# Moving from UK



## AbbieClements (Mar 4, 2013)

Hi there,

My partner and I, 24 and 23 years old are hoping to move to Canada in 3/4 years, that length of time ahead so we can save a good amount of money.

We have looked into Calgary as the place to go, although I have heard many mixed reviews. I am a qualified accountant here in the UK and he works for the UK Government as a machinist.

I have heard that Calgary is very expensive, and it is very hard to find a job. We are not thinking about having a family, not at the moment anyway, so it will just be us two trying to make a new life and have good careers. We are very outdoor people so Calgary looked very good for distance to The Rockies.

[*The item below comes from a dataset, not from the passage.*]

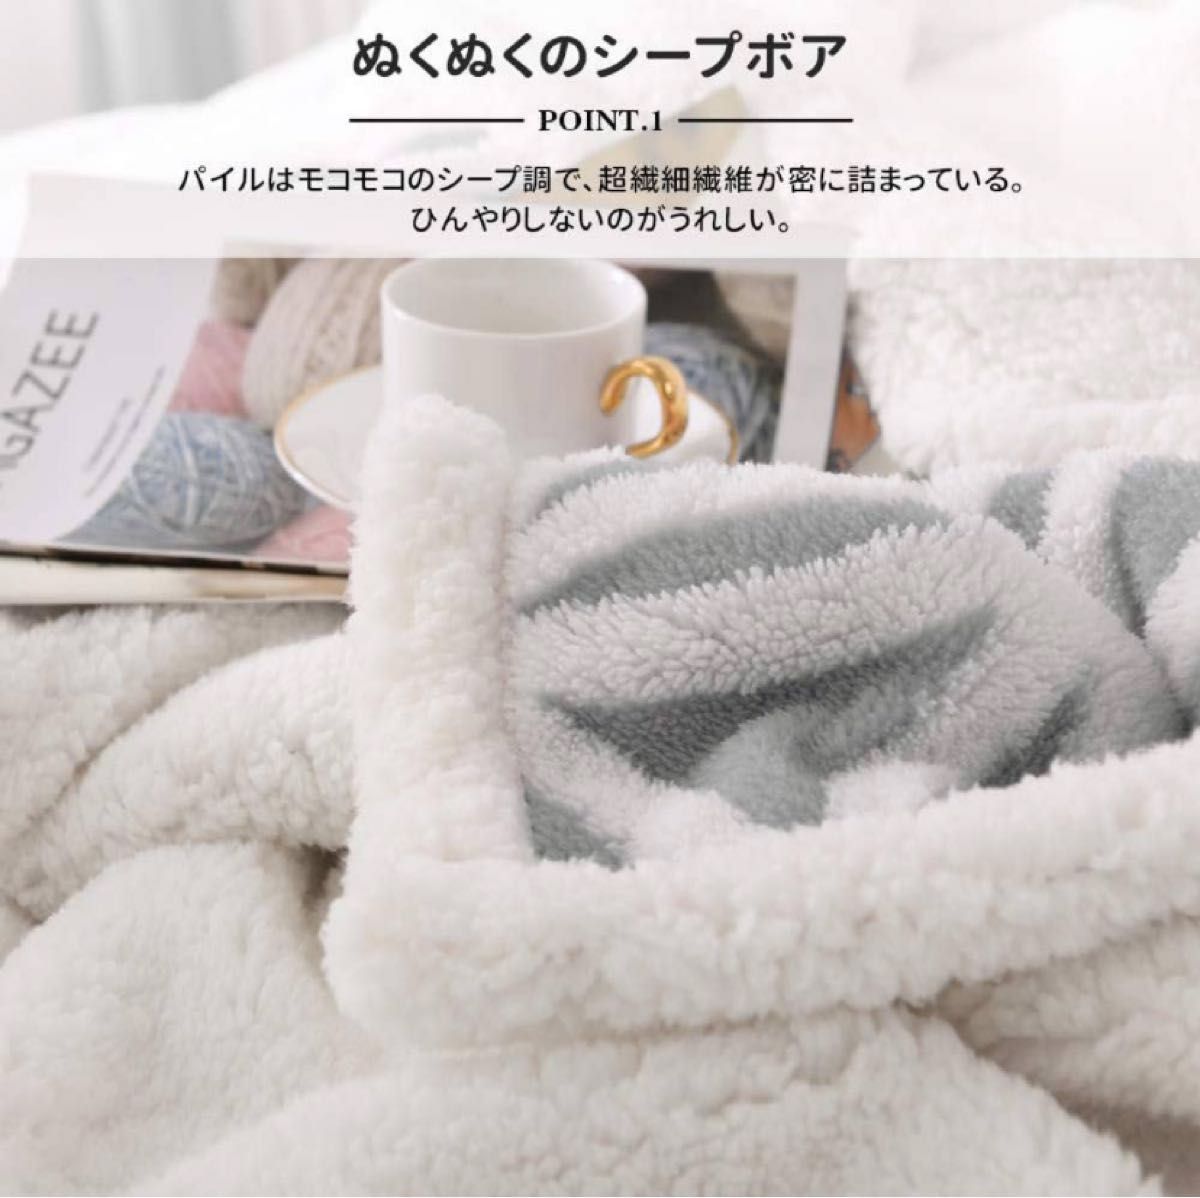 KAWAHOME 二枚合わせ 毛布 ダブル 180ⅹ200cm 掛け毛布 マイクロファイバー かわいい おしゃれ 北欧風  雪柄

Also, where do we even start?! What are the first steps we need to take in applying for a work visa.

Any help would be hugely appreciated.

Thanks, Abbie


----------



## RGS (Jan 24, 2011)

AbbieClements said:


> Hi there,
> 
> My partner and I, 24 and 23 years old are hoping to move to Canada in 3/4 years, that length of time ahead so we can save a good amount of money.
> 
> ...


Calgary is not as expensive of a city as Toronto or Vancouver, but is more expensive than Edmonton for example. You are right that Calgary is around a one hour car drive to the Rocky Mountains (if you love mountains, camping, hiking, etc.).

I'm not sure where you heard that it's hard to find a job in Calgary. I know that in general, there are quite a few jobs available in the province of Alberta. Check out Workopolis or Monster job sites for Calgary or Alberta. This will give you idea of how many, and the types of jobs that are available here.


----------